Dr. Daryl J. Maeda is Assistant Professor of Ethnic Studies at the University of Colorado at Boulder. He has taught college classes on Japanese American incarceration at Oberlin College and previously served as Associate Research Director at Densho: Japanese American Legacy project.

Updated January 30, 2008


Eric L. Muller is the Dan K. Moore Distinguished Professor in Jurisprudence and Ethics at the University of North Carolina School of Law. He is the author of American Inquisition: The Hunt for Japanese American Disloyalty in World War II (2007 University of North Carolina Press) and Free to Die for their Country: The Story of the Japanese American Draft Resisters in World War II (2001 University of Chicago Press). He graduated from Brown University in 1984, where he was a Phi Beta Kappa member. He received his J.D. from Yale University in 1987.

Updated May 2008


Martha Nakagawa has worked in the Asian American press for the past two decades, and has been on staff with Asian Week, the Rafu Shimpo, and the Pacific Citizen. She frequently contributes to the Nikkei West, Hawaii Herald, Nichi Bei Times, and the Hokubei Mainichi.
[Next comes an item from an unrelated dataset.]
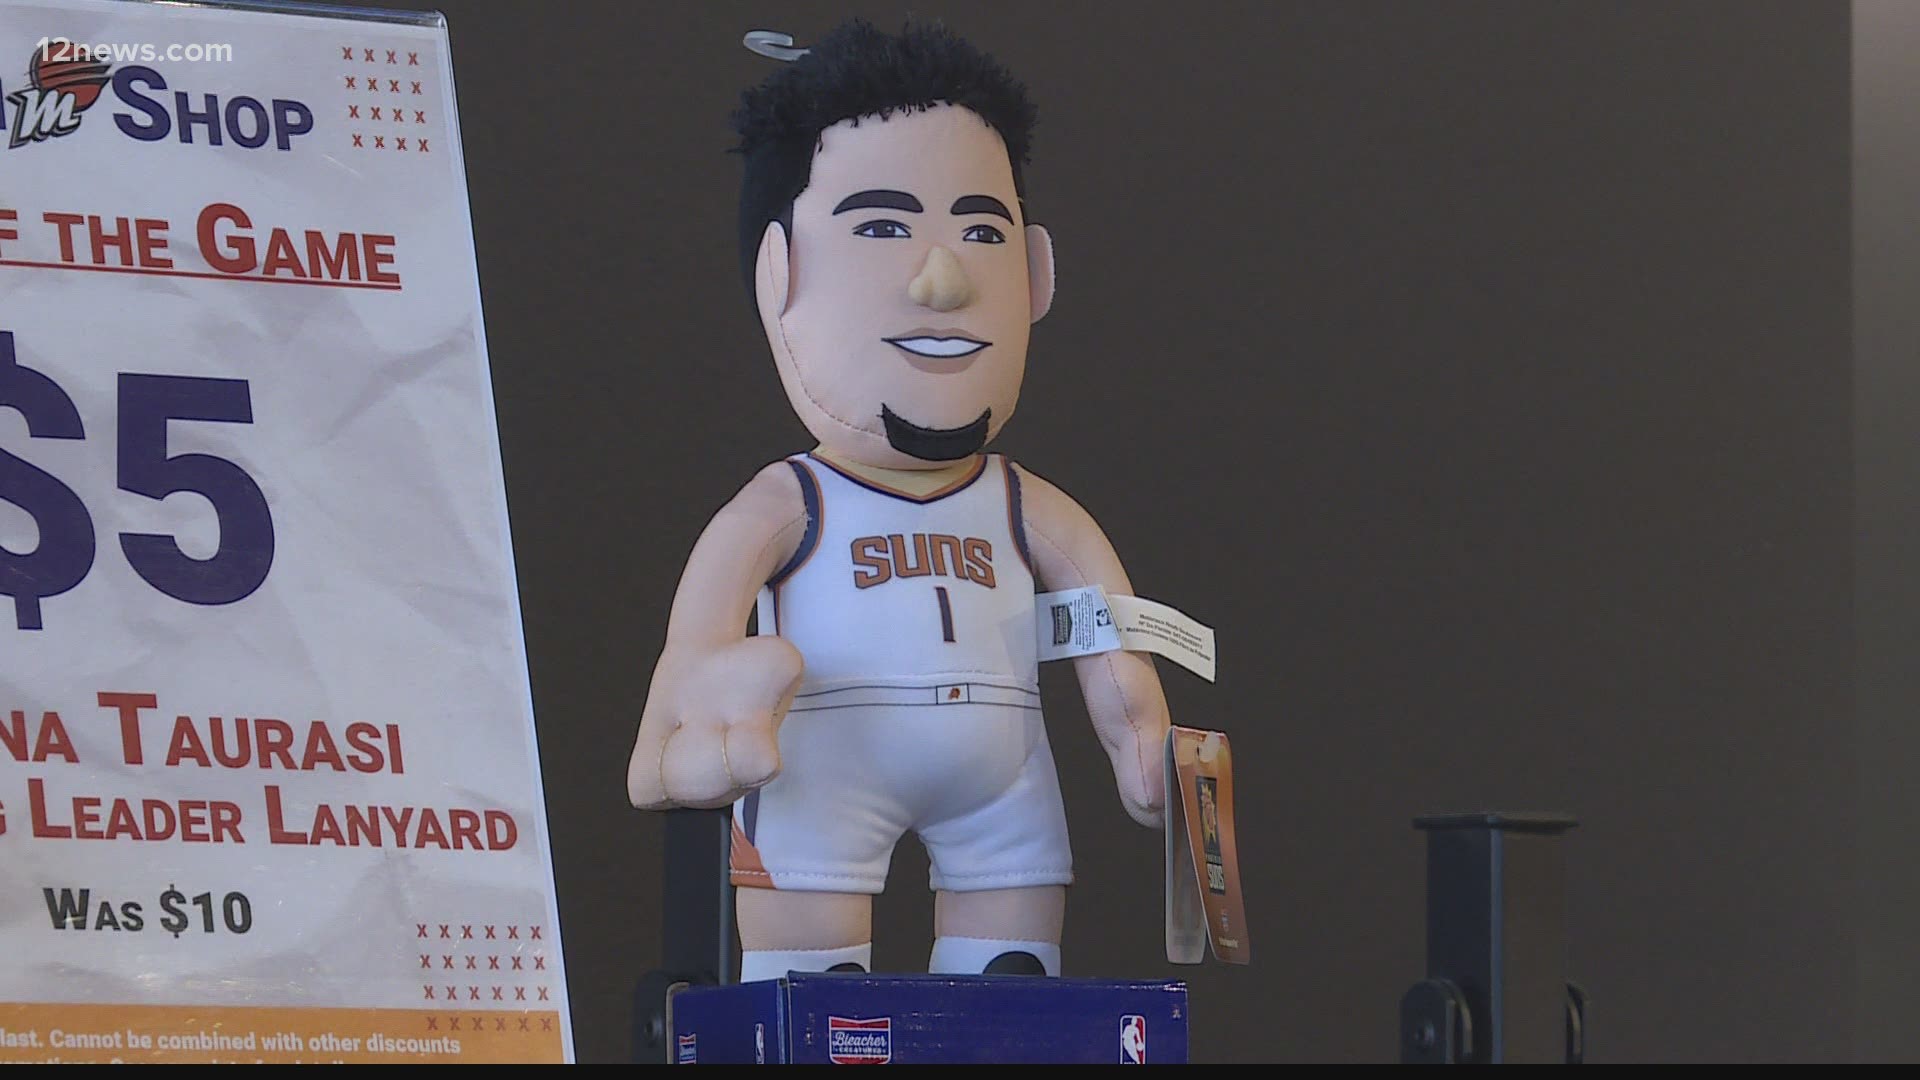 Phoenix Suns Team Shop in NBA Fan Shop 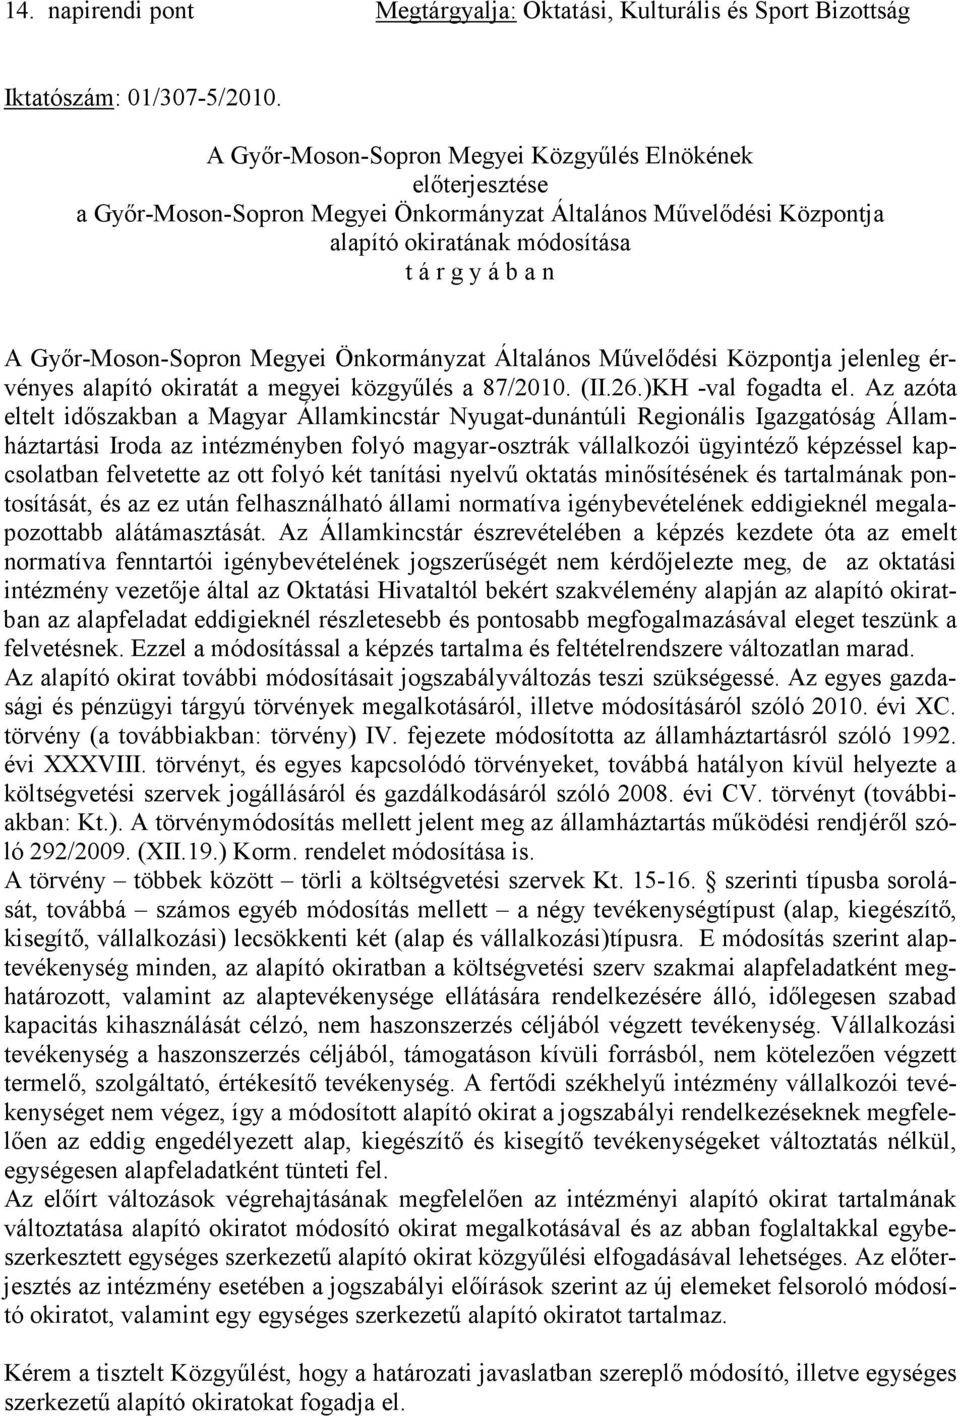 Győr-Moson-Sopron Megyei Önkormányzat Általános Művelődési Központja jelenleg érvényes alapító okiratát a megyei közgyűlés a 87/2010. (II.26.)KH -val fogadta el.

She passed away in July 2023 at the age of 56.

Updated August 2023


Debra Jean McCabe Redsteer is a full blood Navajo, whose clans are Red Bottom born for Bitter Water. McCabe Redsteer was born in Los Angeles, California. Her parents were among the thousands of AmerIndians relocated to the Los Angeles area and other big cities during the 1950’s in the federal government’s controversial relocation program. A Northern Arizona University, Flagstaff, graduate of History in 2007, McCabe Redsteer currently works as administrative support assistant in the Department of History at California State University, Fullerton.

Updated June 2008


Andrew (Andy) Russell teaches history at Central New Mexico Community College in Albuquerque. He earned his Ph.D. in history at Arizona State University and has published several articles on Japanese Americans of the Interior West.

Updated April 2008


Jill Shiraki, a community organizer, is the project manager for the Preserving California’s Japantown Project.

Updated October 2008


Nancy Taniguchi, of Washington, D.C., earned a B.A. in Anthropology at the University of Arizona, then lived in Mexico City and Kuala Lumpur, Malaysia. She moved to Utah with her husband (a Utah native), where she earned her graduate degrees. She is now Professor of History at California State University, Stanislaus.

Updated February 28, 2008


Thomas (Tom) Walls has a Ph.D. in Sociology from the University of Texas at Austin. He is currently Chief of Staff for the Oklahoma State Senate, where he has worked for the past nineteen years.

Updated March 2008


Hideo Yonenaka was born in San Jose, California in 1926 and grew up on a strawberry farm. From May 8, 1942 to May 13, 1946 he was incarcerated in the following concentration camps—Tanforan Assembly Center; Topaz, Utah; Tule Lake Center; Bismarck, North Dakota; and Santa Fe, New Mexico. Yonenaka earned a B.A. in Zoology from the University of California, Berkeley; a M.A. in Bacteriology; and a Ph.D. in Microbial Physiology from the University of Southern California. He served in the United States Army at the Army Chemical Center in Edgewood, Maryland. Yonenaka was a Microbiology and Biology instructor at San Francisco State University until his retirement in 1994. Happily married with two children and two precious granddaughters, Dr. Yonenaka likes to use his spare time to do watercolor and Sumi-e painting, read novels, watch sporting events, travel, and attempt to play golf. He is an active member of the Konko Church of San Francisco.